Currencies Play Catchup With Treasuries
And now… today’s Pfennig for your thoughts…
Good day, and a tub thumpin’ Thursday to you!
Front and center this morning, the dollar has had its biggest two-day drop in a year, and it appears that there’s nothing to stop the drop at this point, but you would have to think that the PPT would be lurking in the shadows. So, I bet your wondering what brought about this drop in the dollar that seemed to be going along nice and strong.
Well, it’s about sentiment with a little fundamentals sprinkled in. But basically, we’ve seen the ten-year Treasury’s yield drop through 2% and was as low as 1.85% yesterday morning, but sits today at 1.90%… What this drop in bond yields is telling us is that bond traders have seen enough of the weak economic data prints, and are saying that the Fed can’t hike rates four times this year.
It took a couple of days for the Currency Traders to “get the memo from Bond Traders” but the message was finally received, and when it was, the currencies soared, along with gold, and the dollar got pummeled. So, the Currencies are playing catchup with bonds, and I think they have some more catching up to do!
Oh, and for those of you keeping score at home, Fed Funds Futures are seeing traders place traders that are signaling that the Fed will NOT hike rates in 2016. WOW! Nice that they’ve come around to Chuck’s way of thinking, eh?
And leading the currencies in their charge against the dollar, is the Big Dog.
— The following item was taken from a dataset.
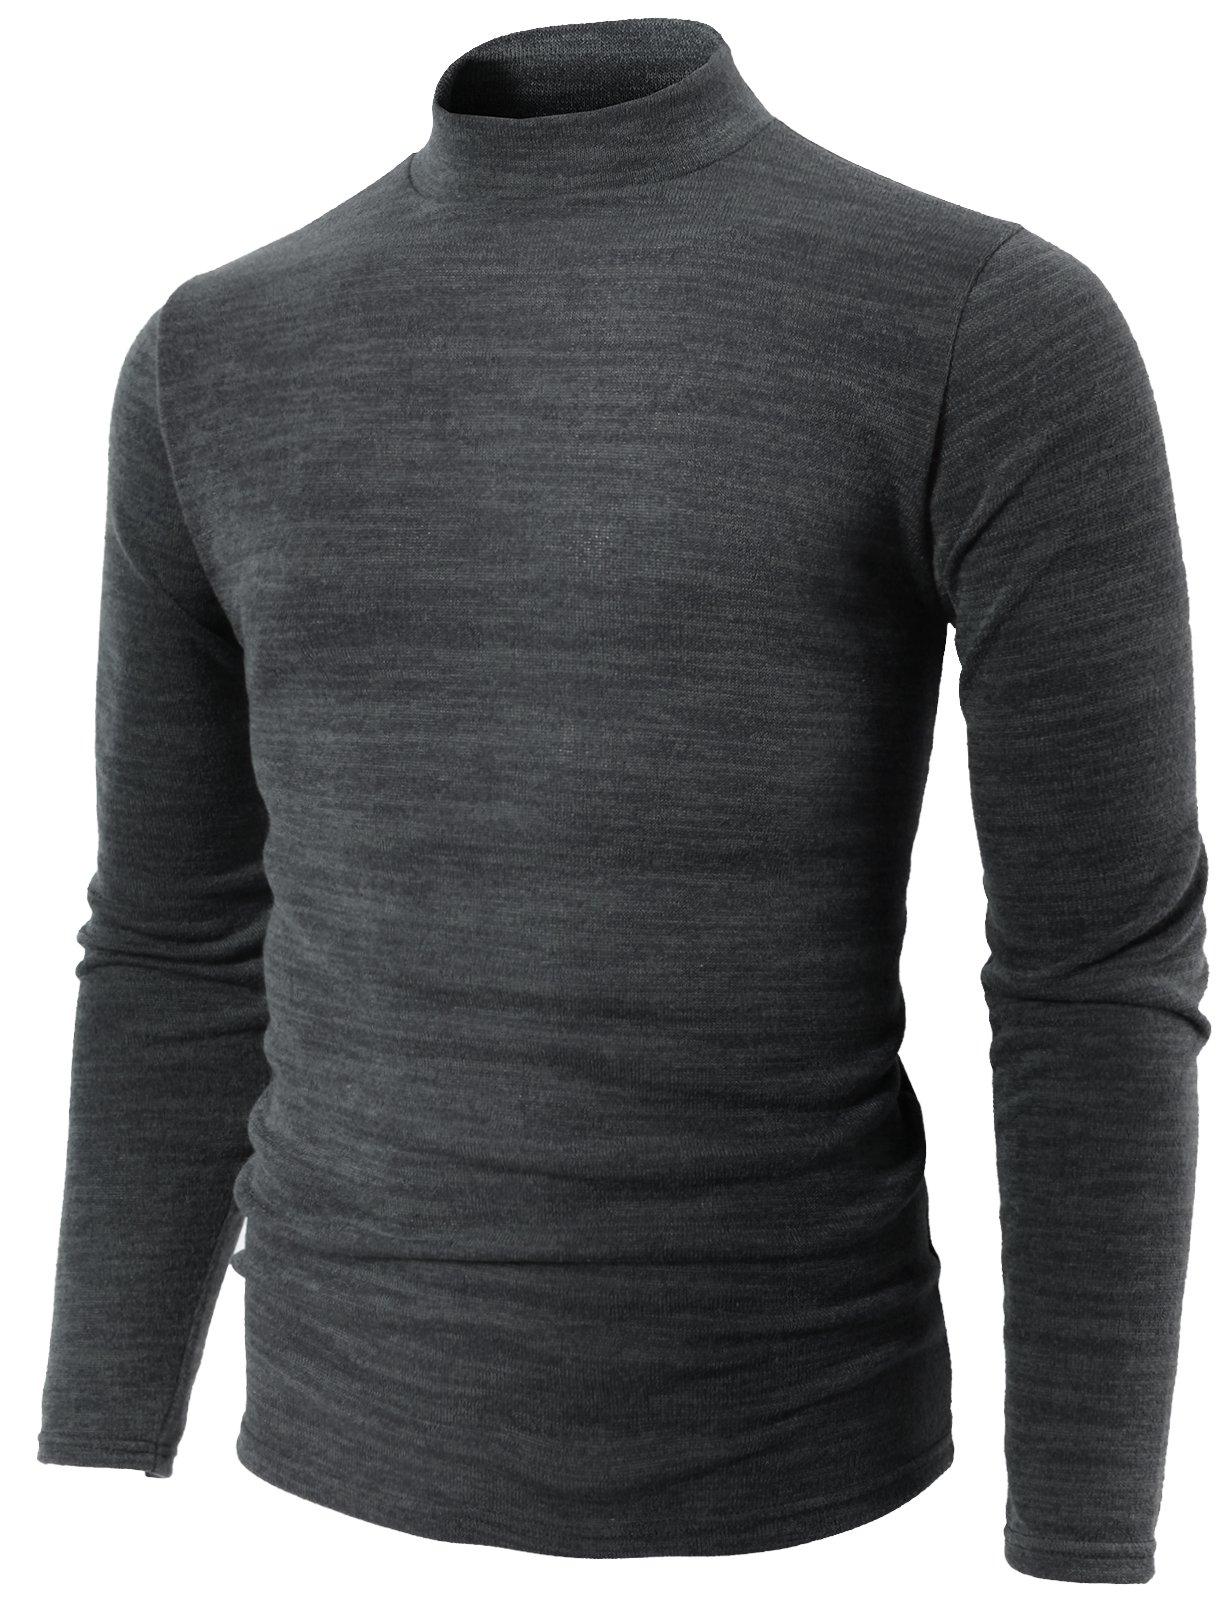 H2H Mens Casual Slim Fit Half Turtle-Neck Lightweight Sweater Gray US M/Asia XL (KMTTL0412)

Yes, just like in days of yore, when the Big Dog would get off the porch and chase the dollar down the street, all the little dogs would follow, and some would run faster than the Big Dog, but the little dogs wouldn’t dare run off the porch without the Big Dog getting them started.
I remember when I would talk about the dogs on the porch just about every day back in the day before PIIGS, and GREXIT, a global slowdown, and global deflation. Recall last week I talked about the Plaza Accord, and how there had been some calls for a new Plaza Accord to take place to help the Russian ruble. I said last week that I didn’t see how a new Plaza Accord could happen these days, with just about every Central Bank in the world attempting to weaken their currency.
But maybe, just maybe there was something going on. Maybe finance ministers around the world didn’t have to meet at the Plaza Hotel in NYC, to discuss the strong dollar like they did in 1985, maybe phone calls worked this time, to have a coordinated move to weaken the dollar? It all looks that way to me folks. Because this strong move in the currencies has been unabated, with no profit taking, no going back to fill gaps, it’s been a very strong move that could only come about if BIG Money was in the markets selling dollars.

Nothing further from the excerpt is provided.